NanoSanguis
Oxygen-carrier therapeutics · Organ preservation, ischemia
Overview
Perfluorocarbon-based artificial oxygen carriers and enzyme therapeutics for organ preservation and oxygen delivery.
What they do
NanoSanguis is a Polish biotech, originating from doctoral research at the Warsaw University of Technology and associated with the NanoGroup ecosystem, that develops perfluorocarbon (PFC) based artificial oxygen carriers and enzyme therapeutics. Its technology uses biologically inert PFC nanoparticles that mimic red blood cells, transporting oxygen and removing carbon dioxide, with applications in organ preservation and oxygen delivery during ischemia.
Lead program & status
The lead program is the NanOX system, a perfusion fluid plus device designed to keep transplant organs oxygenated under sub- and normothermic machine-perfusion conditions. The company reports that NanOX has, in preclinical work, supported organs after prolonged ischemia (on the order of 30–40 minutes versus only a few minutes for conventional methods), and it has described confirming oxygen and CO2 transport in a pig kidney autotransplantation model with subsequent organ regeneration. These are reported preclinical findings; the platform is in development rather than approved clinical use. Research literature continues to explore PFC nanoemulsions for simultaneous oxygen and antioxidant delivery during machine-perfusion organ preservation.
Why it matters
Donor organs deteriorate rapidly without oxygenation, limiting transplant logistics and viability. By extending tolerable ischemic time and supporting organ regeneration during perfusion, NanoSanguis's PFC carriers could widen the donor pool and improve transplant outcomes.
FAQ
- What is NanOX?
- NanOX is NanoSanguis's perfusion fluid and device system that uses perfluorocarbon nanoparticles to oxygenate organs during machine perfusion, aimed at improving organ preservation before transplantation.

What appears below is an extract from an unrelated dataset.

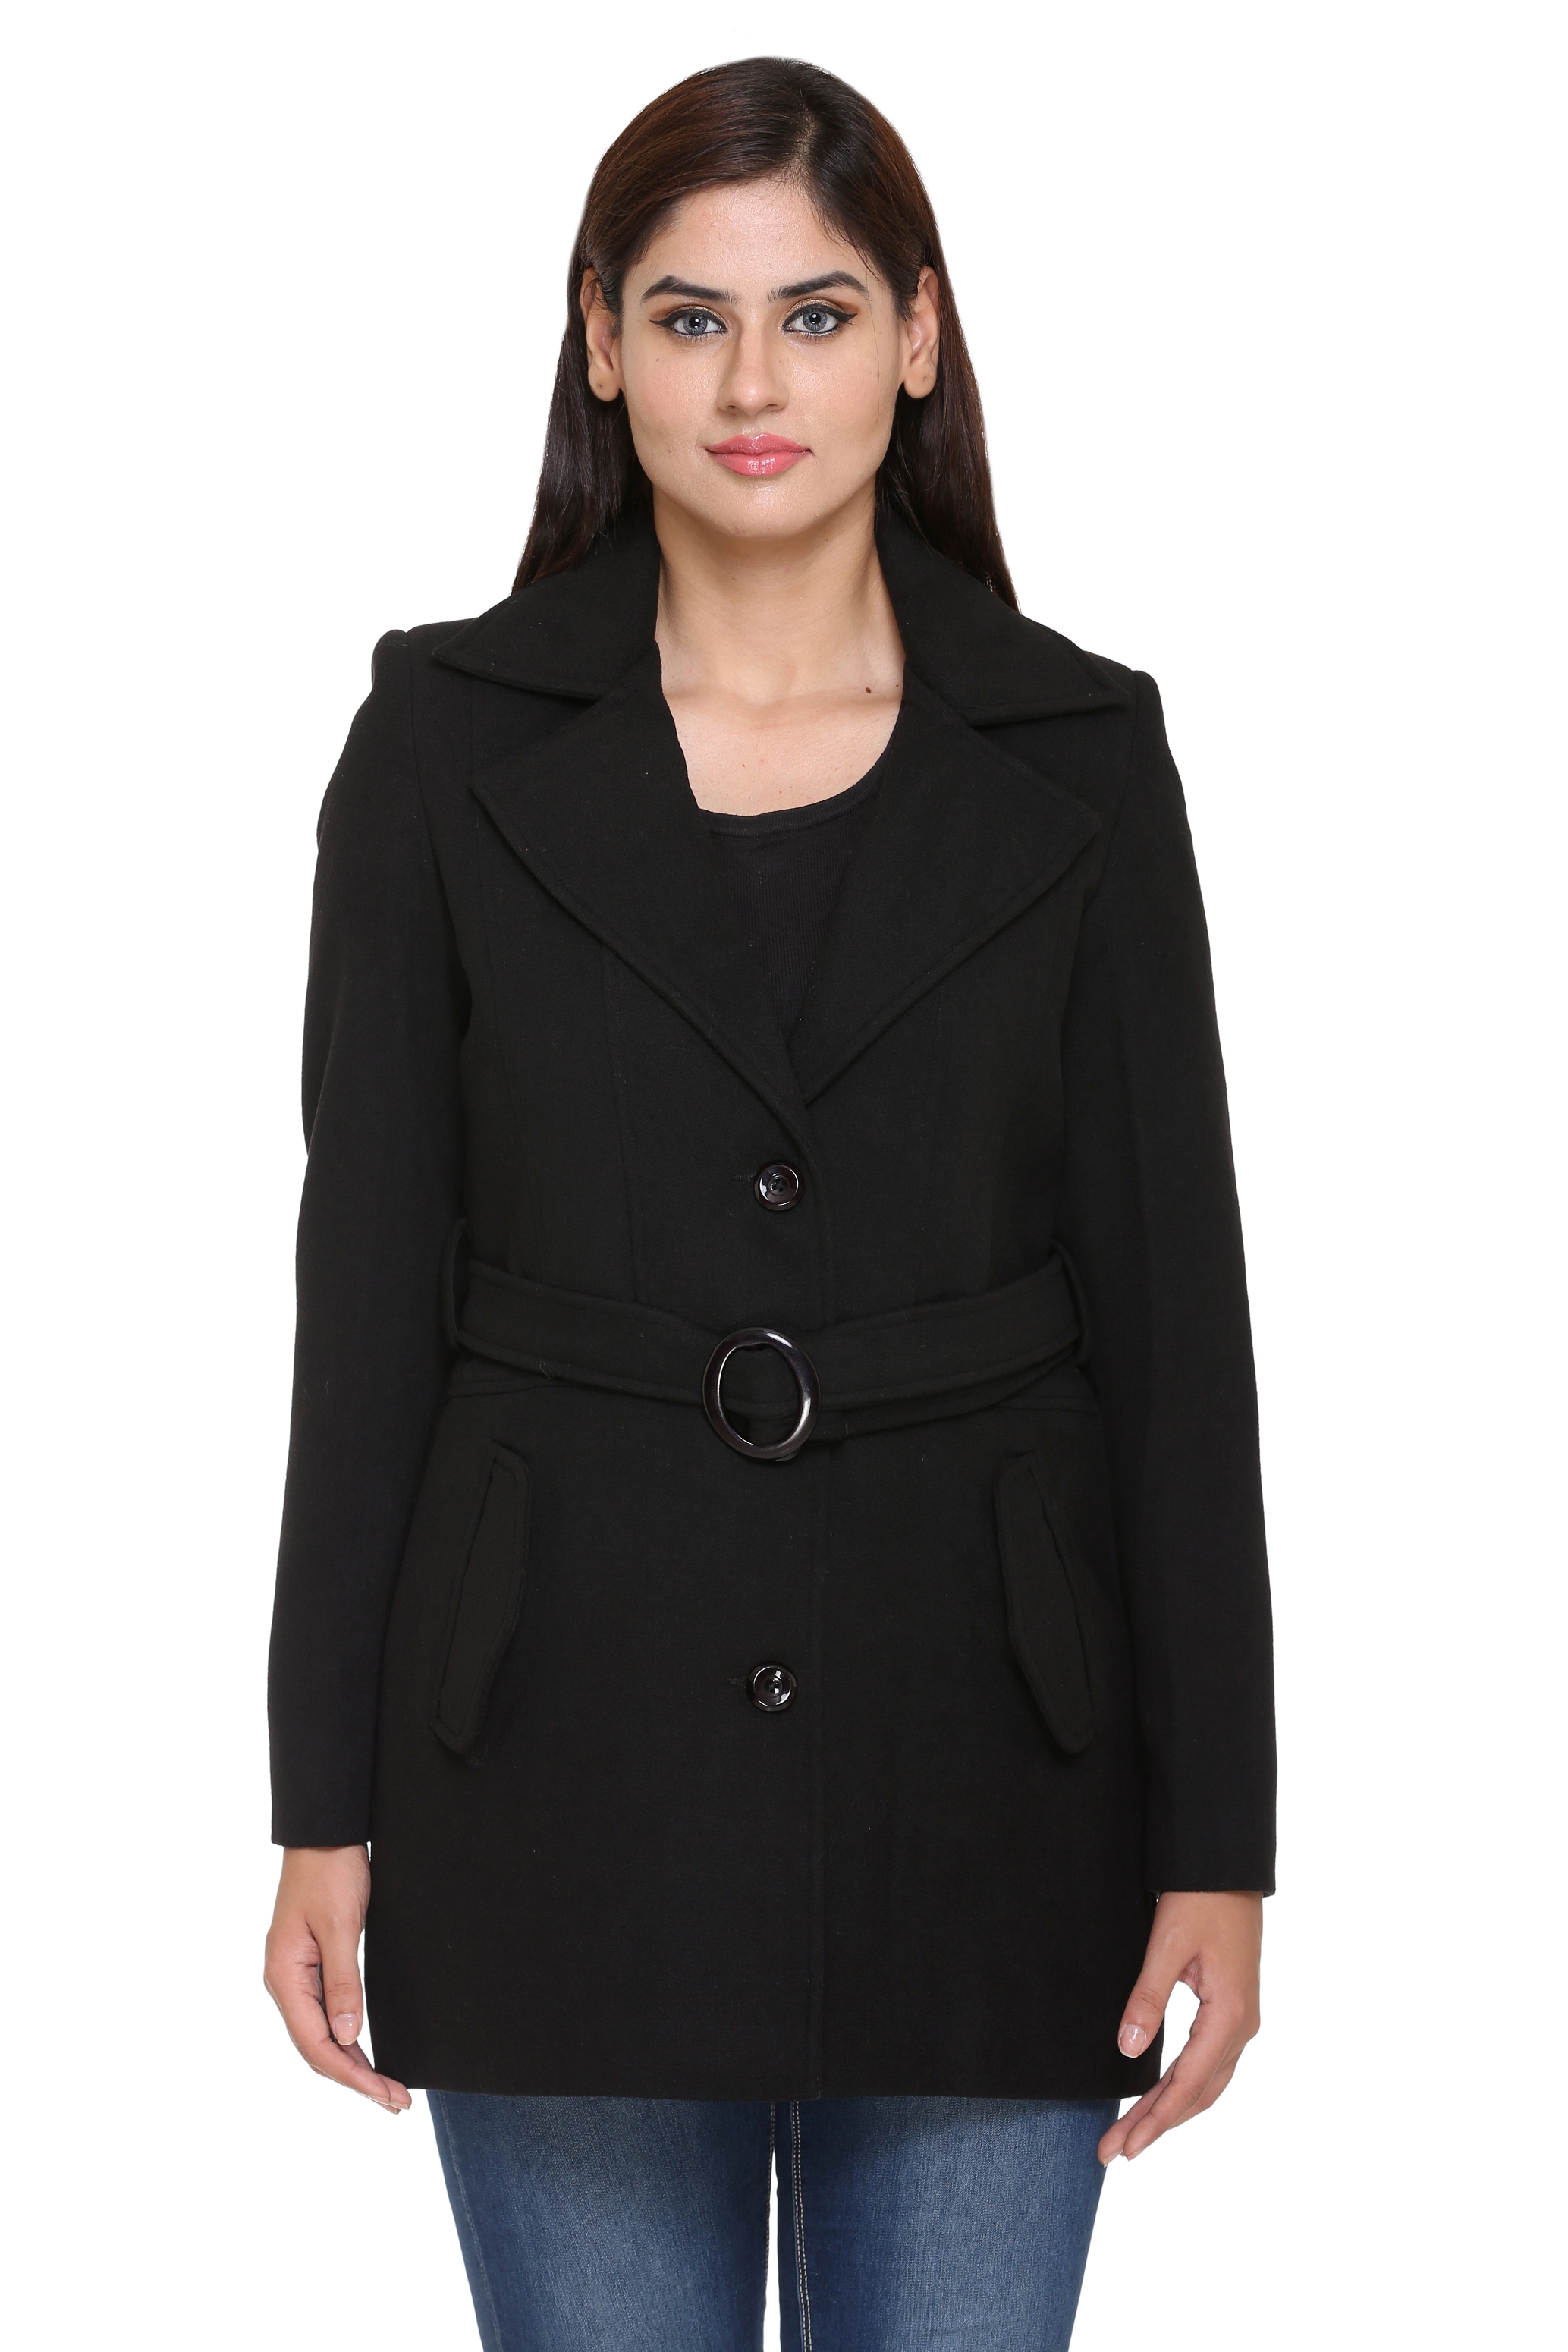 Buy Trufit Black Wool Blend Long Coats For Women Online @ ₹2659 from ...

- How do perfluorocarbon oxygen carriers work?
- Perfluorocarbons are biologically inert fluorinated compounds that can dissolve and release large amounts of oxygen and carbon dioxide, allowing PFC nanoparticles to act as artificial red-blood-cell-like oxygen carriers.
- Is the technology approved for clinical use?
- As of the latest available information it is in development, with reported preclinical results (including animal organ-perfusion studies) rather than approved clinical use.